To start the application, execute the following on the command line:

$ python3 pictureTextCrop.py


Introduction:

This application is a simple tool which allows you to interactively extract text from image files by dragging
 from the top-left corner of a crop rectangle to the bottom-right corner.  When you release the mouse button
 the text inside the rectangle is printed to the console and a record of the conversion and its result
 is made in the SQLite3 database, TextExtraction.db, in the CropLog table.  Each record of this table
 records the date and time of the extraction in its timeStamp field, the full path to the file on your
 disk of the image file in the filePath field, the coordinates of the crop in the coordinates field, and
 the text of the crop in the text field.  The value of storing all extractions in a database table is
 simply that you can then search large numbers of images containing particular text using SQL.

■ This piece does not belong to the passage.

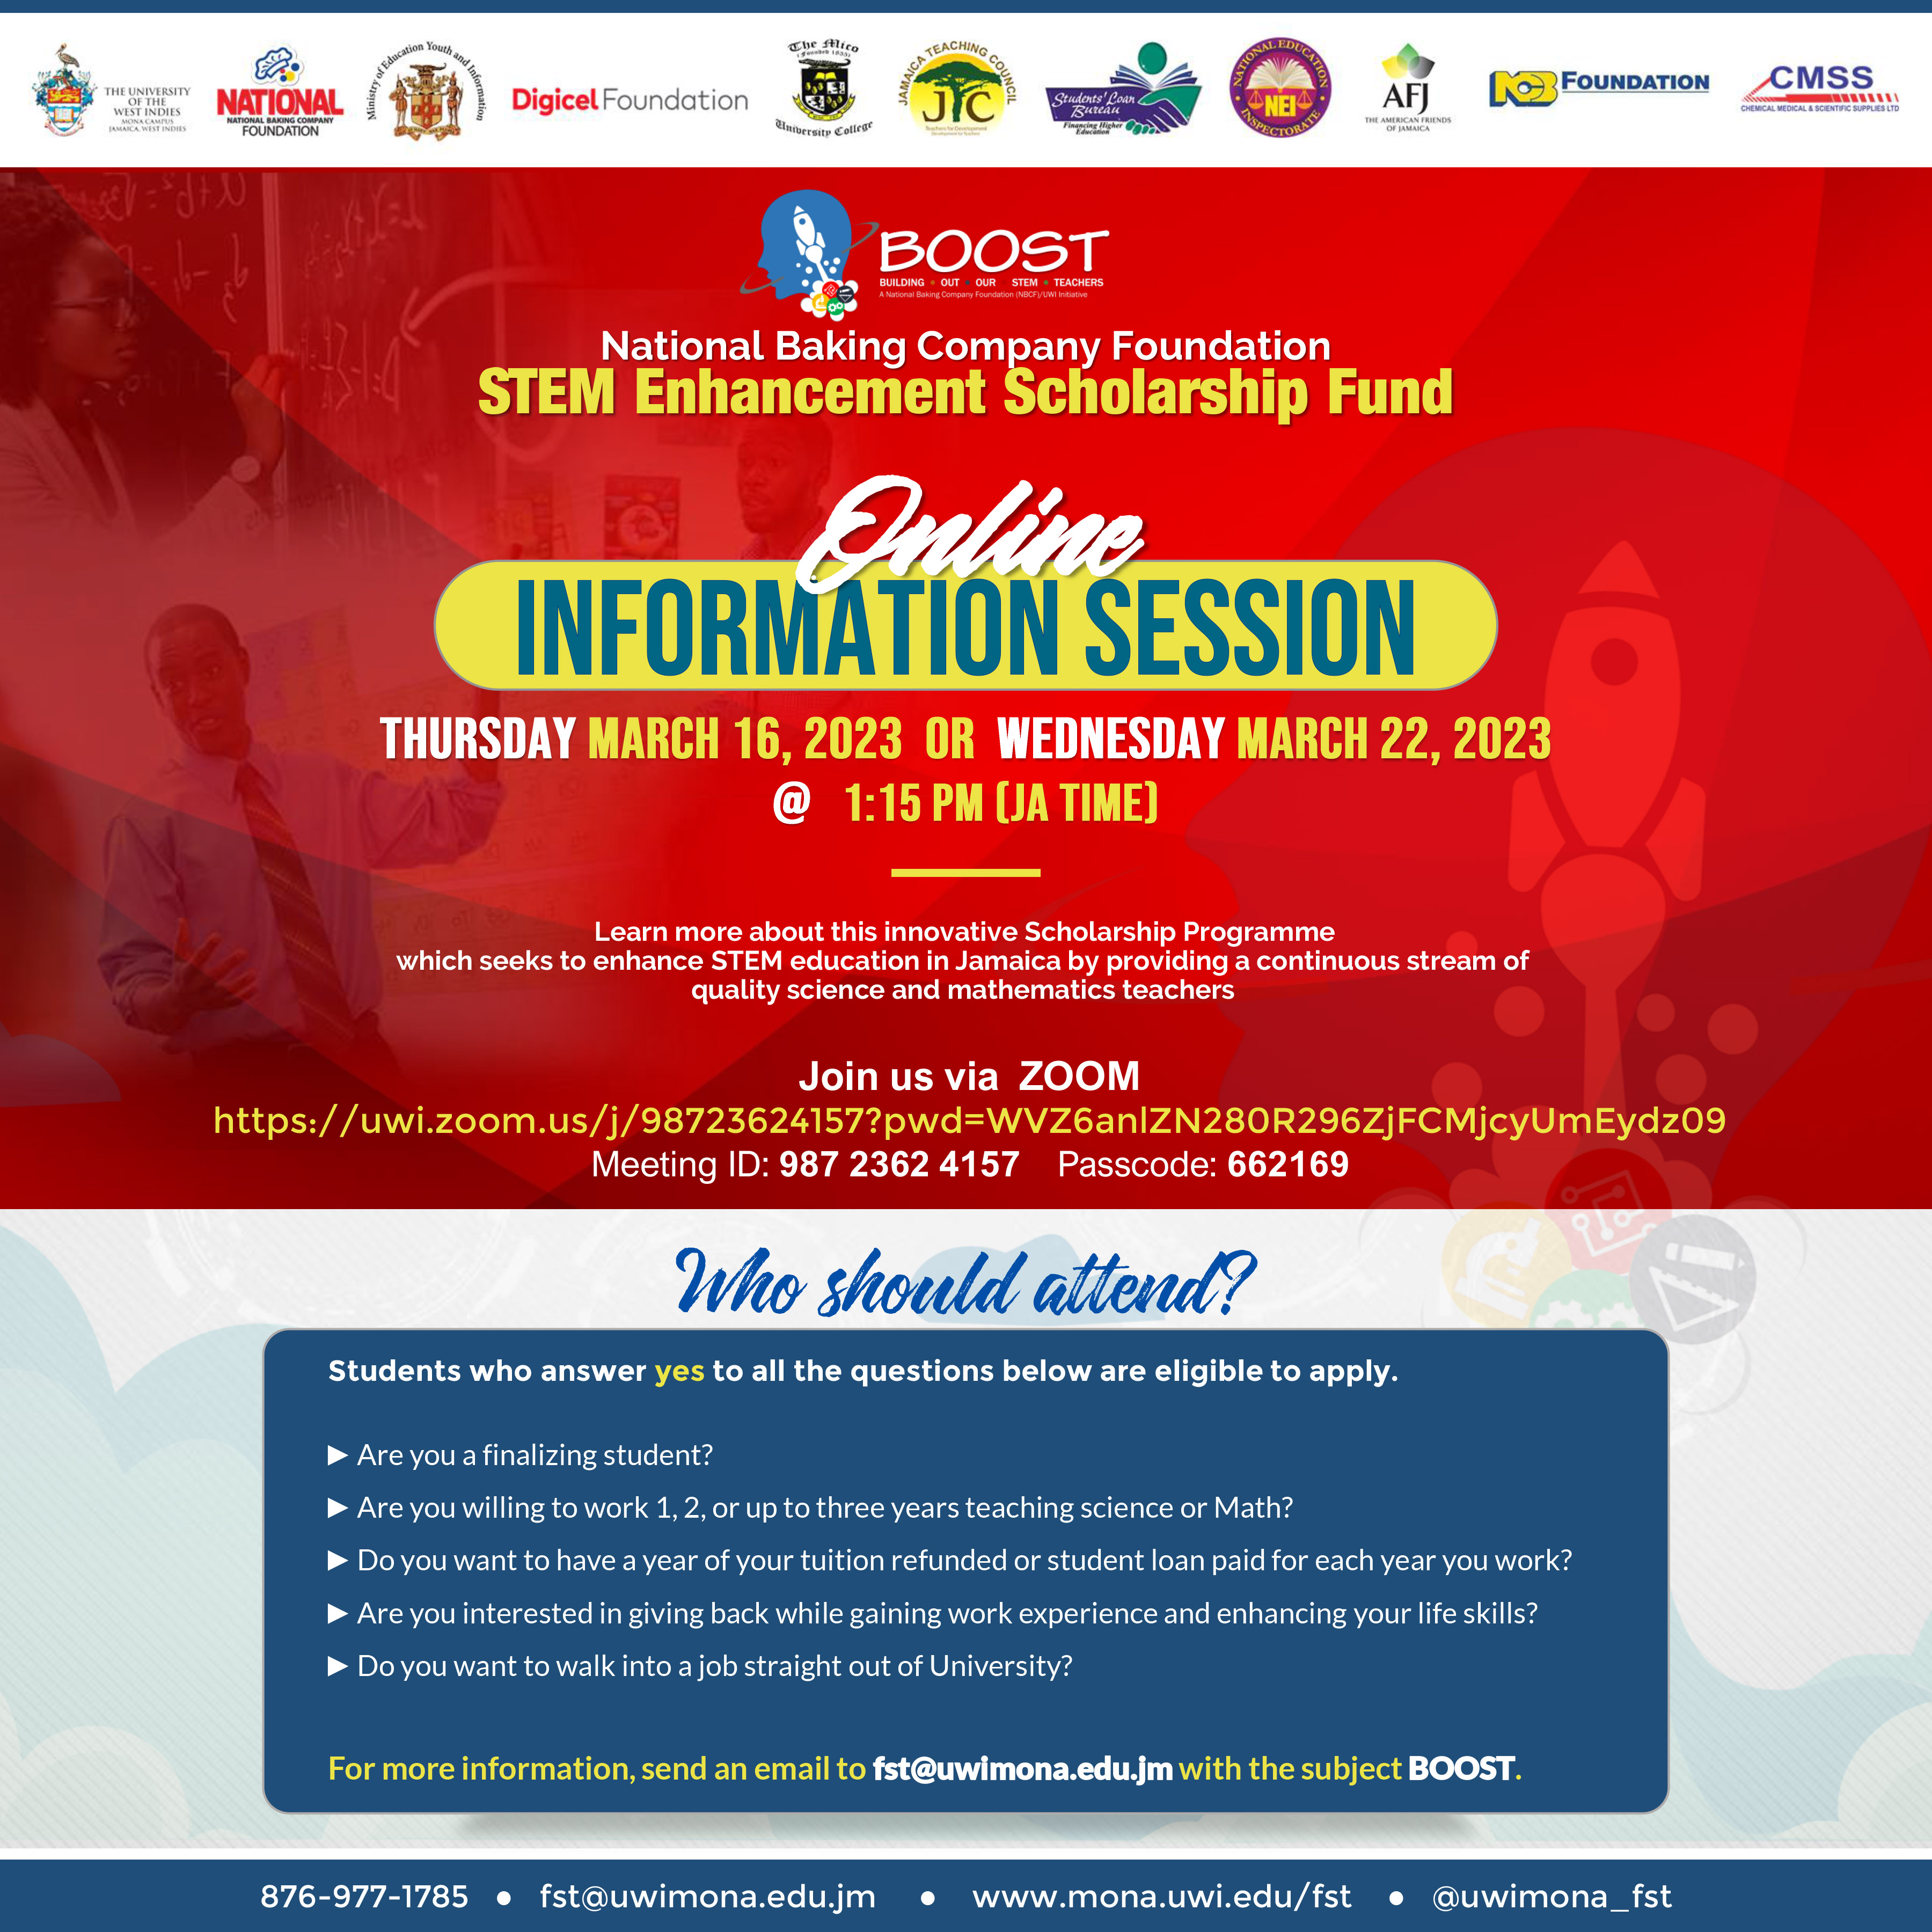  STEM Enhancement Scholarship Fund: Online Information Session

 When you start the program, a folder selection dialog will appear.  Select the folder you want to look
 for images in here.  When you do, the application builds an index of all of the recognized image files
 in the folder to any depth in the folder tree.  The image formats recognized are those of the Pillow
 python imaging processing library, which includes those associated with the following file extensions:

            'apng', 'blp', 'blp1', 'blp2', 'bmp', 'dds', 'dib', 'dxt1', 'dxt3', 'dxt5', 'eps',
            'gif', 'icns', 'ico', 'im', 'jfif', 'jpeg', 'jpg', 'msp', 'pbm', 'pcx', 'pgm', 'png',
            'pnm', 'ppm', 'sgi', 'spi', 'tga', 'tiff', 'webp', 'xbm'

 The application then displays a dialog with a list of the files identified using their extensions.  use of
 MIME type recognizing software is planned for the future.  The list of files will be on the left, and in
 the right half of the dialog will be a space which shows the image selected when you click on a file
 path in the list.  The status bar shows the full path in case yours are longer than will fit in the
 space provided by the list.  The dialog can be resized to accomdate your needs.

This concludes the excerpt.